# Shared Ownership of Apartment in Germany



## Nawroz (9 mo ago)

Hello all,

I am an Australian citizen and I want to purchase fifty percent of an apartment in Germany, the other half to belong to a cousin with Canadian papers. Is this possible at all? The purchase is to be outright and without any bank loans.

I would appreciate it if someone could explain the steps to me in detail as to what is required.

Do both shareholders need to reside in Germany temporarily to open a bank account?

The target apartment is worth 250000 euros. how much tax and interest is applicable in this purchase 

is it important at all as to how the money is transferred to that account from overseas?

Regards,


----------



## Nawroz (9 mo ago)

And Also, if I was to rent it out, what are the tax law regarding rental income?


----------



## *Sunshine* (Mar 13, 2016)

Although there are not any restrictions at the moment, there are talks about making it more difficult for foreign investors to buy property in Germany. 

There was also a referendum last year in Berlin about appropriating properties, although I'm not convinced that what the populists want to do will pass legal scrutiny. 

Overall I think you are asking the wrong questions. Before you even consider buying to rent, you need to research German rental laws and "Mietnomaden".


----------



## fosflor (8 mo ago)

Sorry for the late reply. I'm new to this forum.

As far as I know, there are currently no restrictions on real estate ownership for foreign nationals. The paperwork could be a challenge, though. A notary public (Notar) will guide you through the whole process, including registering the property in your name (Grundbucheintrag). 

Property purchase tax (Grunderwerbsteuer) is between 3.5% and 6.5%, depending on the state. On top of that, you pay the notary public and the
land registry authority (Grundbuchamt). In total, that can be up to 12% of the purchase price. 

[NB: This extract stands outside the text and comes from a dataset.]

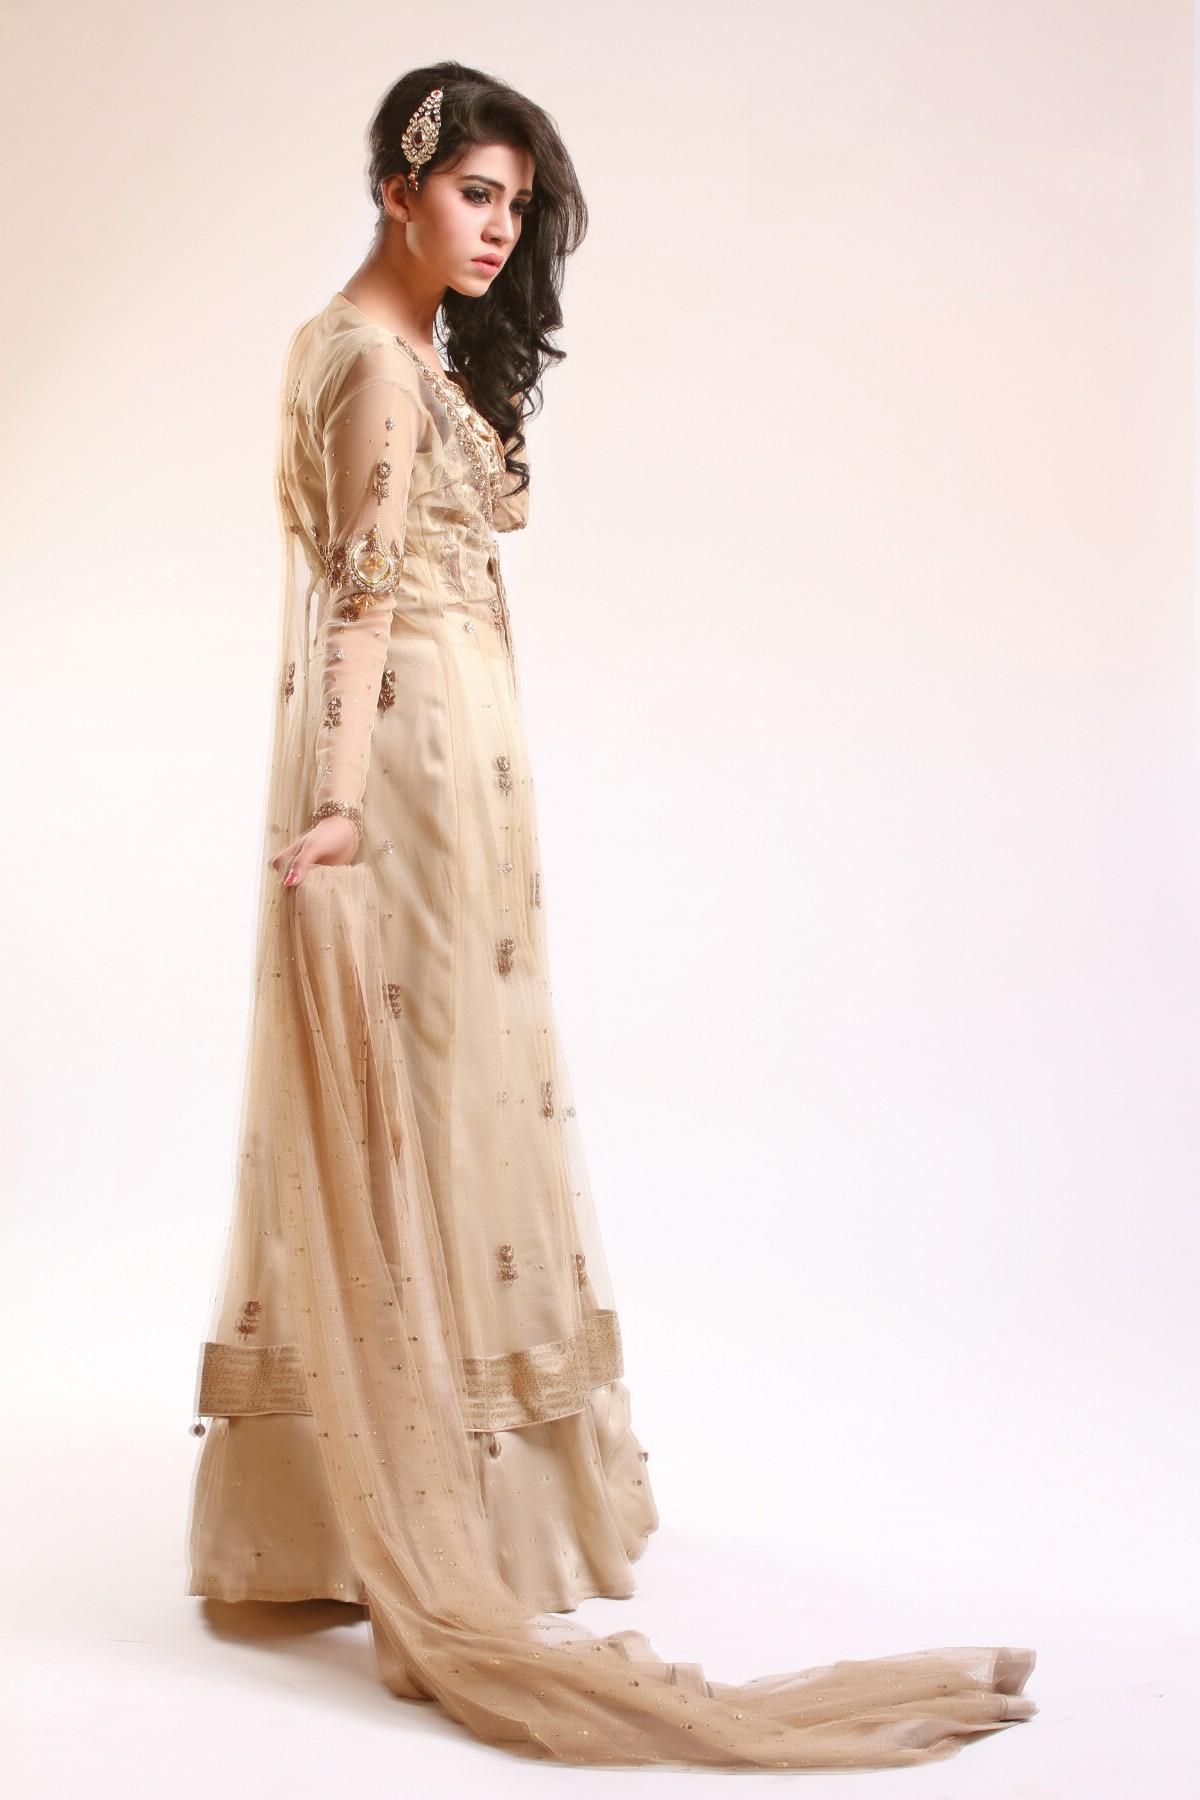 Honeymoon clothes for women

You will also have to pay quarterly property tax (Grundsteuer) for as long as you own the property. The tax rate depends on the municipality. In general, it's ridiculously cheap, at least compared to where I live (in Canada). On the other hand, utilities are very expensive in Germany.

A bank account in the EU will definitely make the transaction easier and cheaper, but I don't think it's impossible to pay from overseas.

I recommend you get in touch with a local real estate agent who is experienced with expats. They may even be able to help with the paperwork, which is bound to be in legalese German.


----------



## *Sunshine* (Mar 13, 2016)

fosflor said:


> You will also have to pay quarterly property tax (Grundsteuer) for as long as you own the property. The tax rate depends on the municipality. In general, it's ridiculously cheap


Germany's Constitutional Court ruled that the current system is unconstitutional and the entire system is being reformed. Many homeowners will be paying increased property taxes from 2025.









Reform der Grundsteuer - Bundesfinanzministerium - Themen


Zum 1. Januar 2025 wird die neue Grundsteuer als unbürokratische, faire und verfassungsfeste Regelung in Kraft treten. Damit verliert der Einheitswert als Berechnungsgrundlage seine Gültigkeit. Die Mehrzahl der Bundesländer folgt bei der Reform dem Bundesmodell.




www.bundesfinanzministerium.de


----------



## fosflor (8 mo ago)

That's true. But they are not going to significantly increase the taxes for the average homeowner.

I pay about €3400 in property taxes per year for my house in Quebec (Canada) and about €360 per year for my house in Hessen (Germany). Both are single-family homes of similar market value.


----------